Ada Colau, the mayor, says Barcelona is no longer a city full of cars and pollution, where tourism was out of control and real estate speculation rife © Eva Parey/FT
Ada Colau, the mayor, says Barcelona is no longer a city full of cars and pollution, where tourism was out of control and real estate speculation rife © Eva Parey/FT

But even critics say Colau has softened her more radical ideas over the years, noting she went from denouncing the Mobile World Congress, Barcelona’s big communications industry conference, to embracing it. “We’d be wrong to sell the city to the first investor that comes with a cheque book”, Colau says. “We have our pride . . . Therefore we say yes to some investments, and no to others”.
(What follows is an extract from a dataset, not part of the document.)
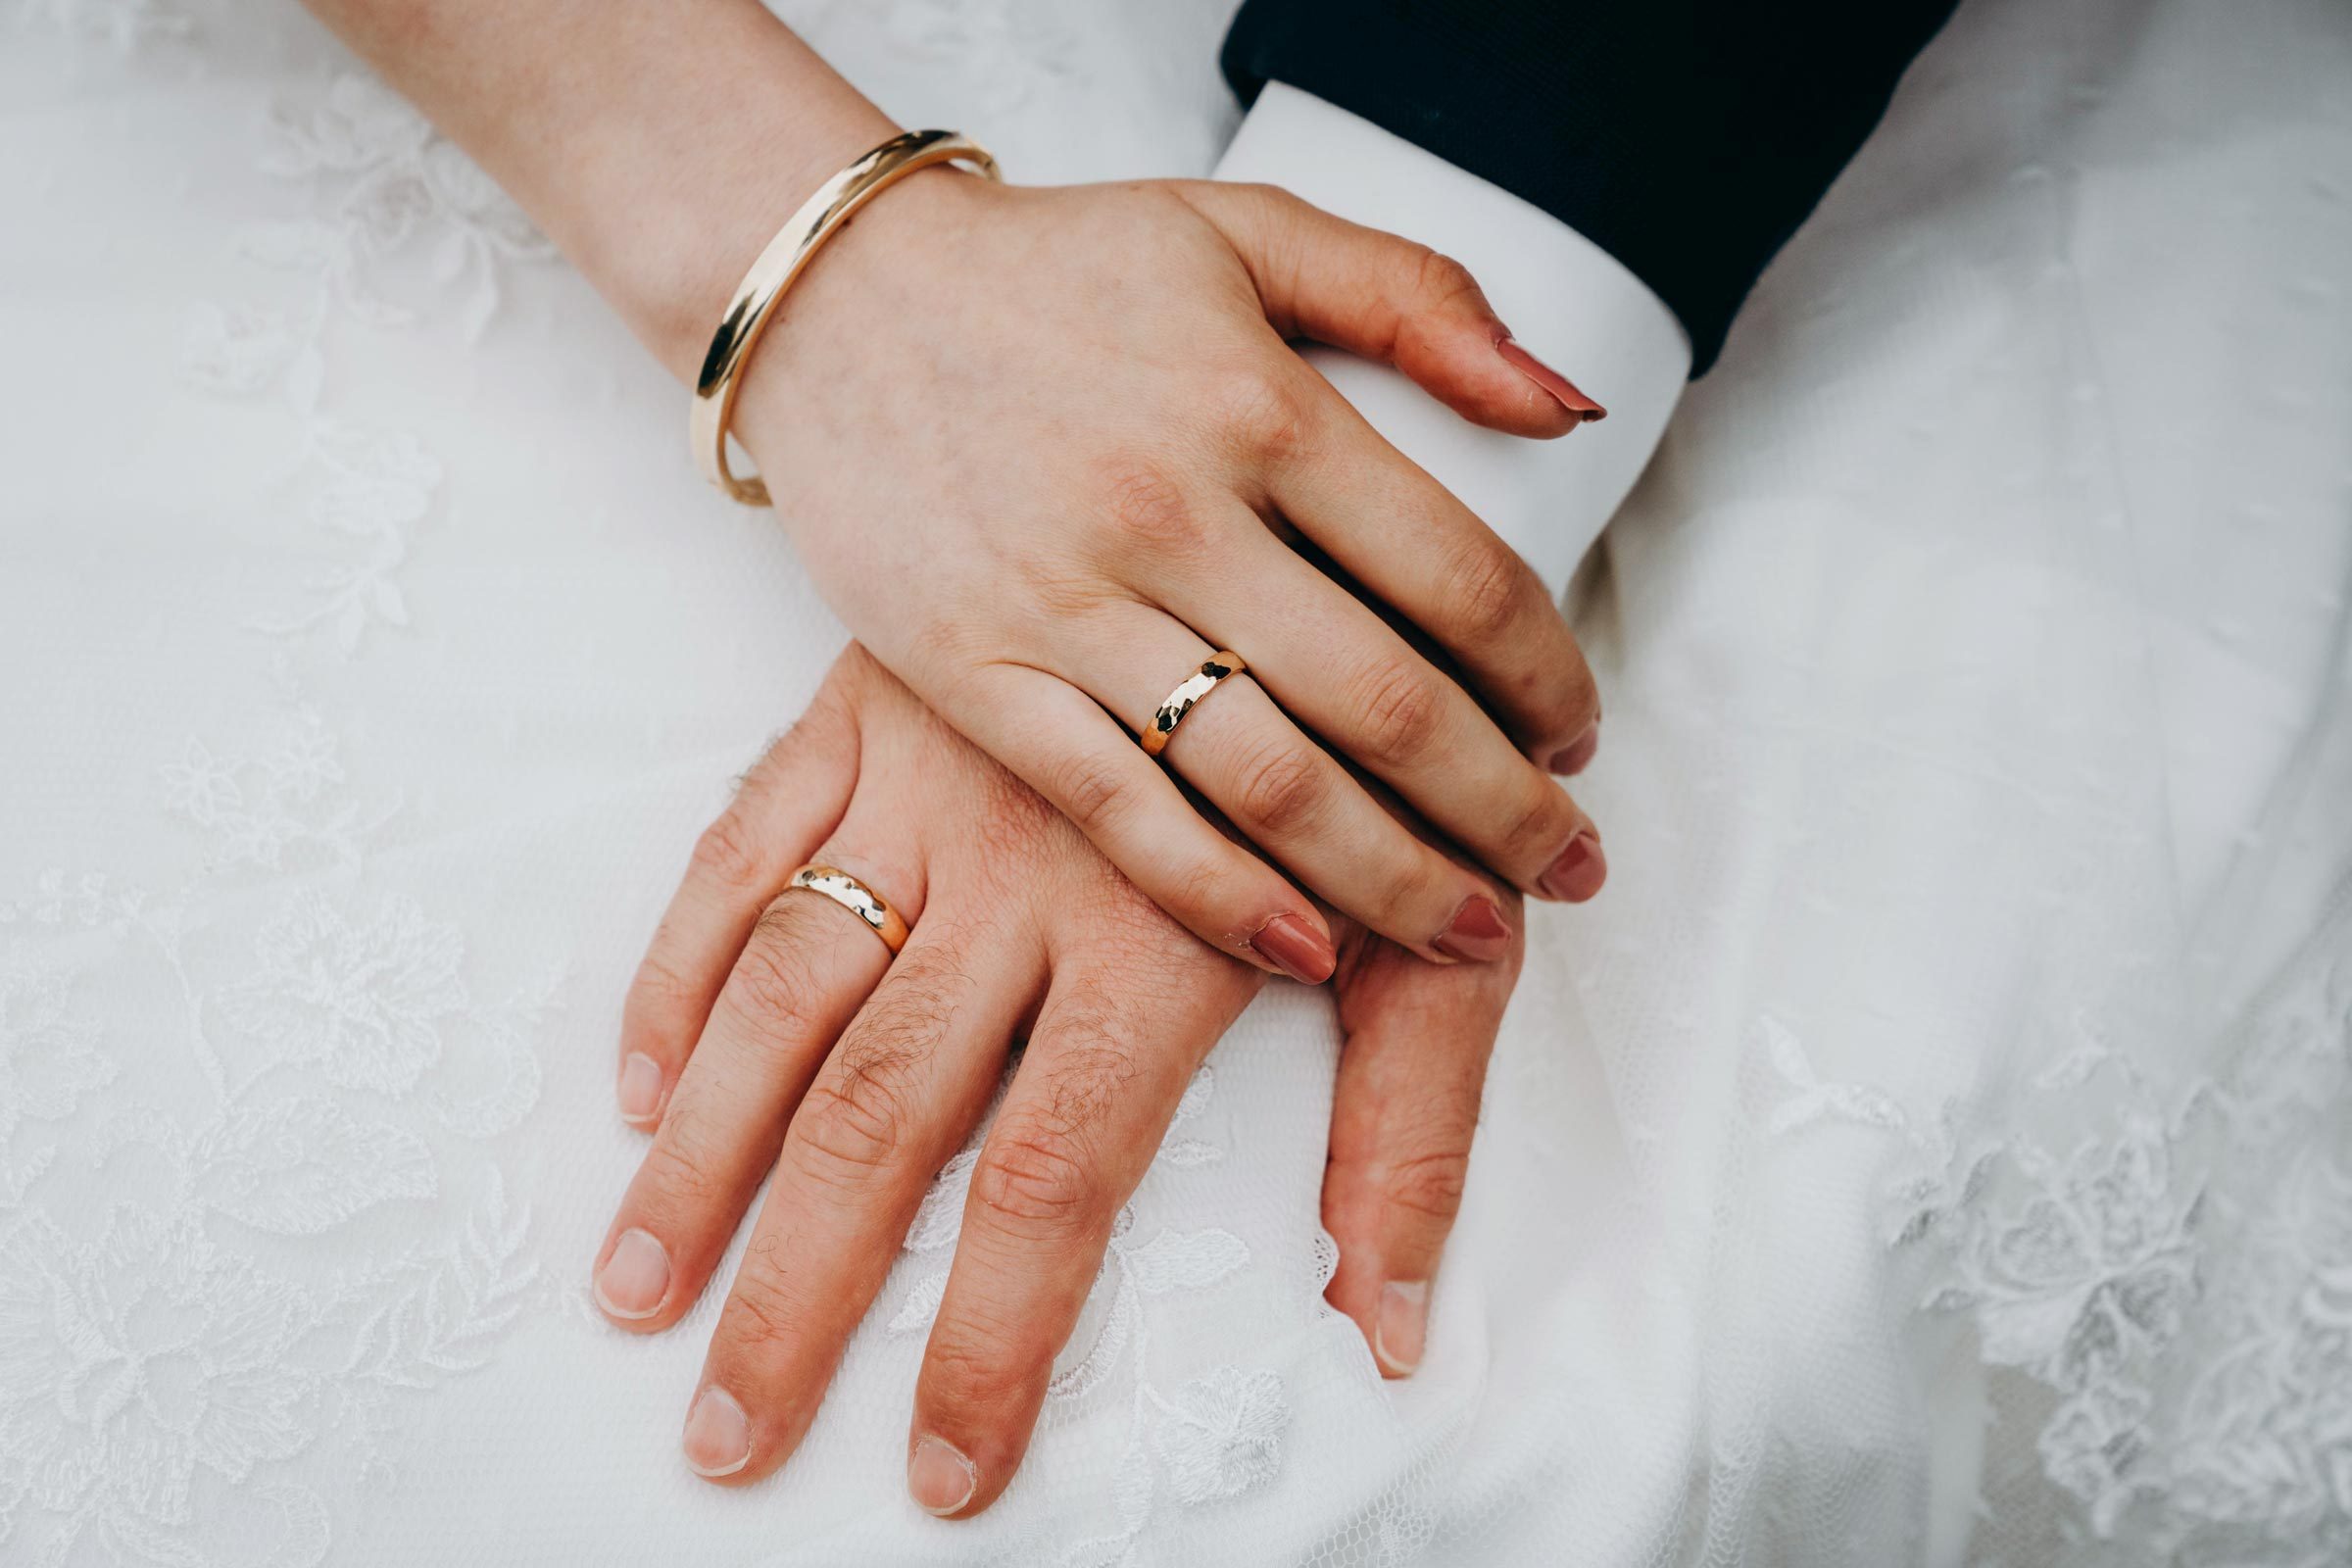 Min Toezicht houden Schaken The Ring Finger: History of Wearing Wedding Rings on the Fourth Finger

Still, the perception that she is more about prohibition than permission has stuck. They call it the “Barcelona of no”: no to the airport expansion; no to a Four Seasons hotel; and no, before the Ukraine war, to a branch of Russia’s Hermitage museum.

Trias, who is standing as a pro-business candidate, says there are “two Barcelonas”. Foreign tourists who come for the weekend experience one of them: “They visit, they’re delighted and they leave”. The other is the city of its residents, who tell him it is a “disaster”, he says. “They remember a Barcelona that generated excitement. Now it no longer does”.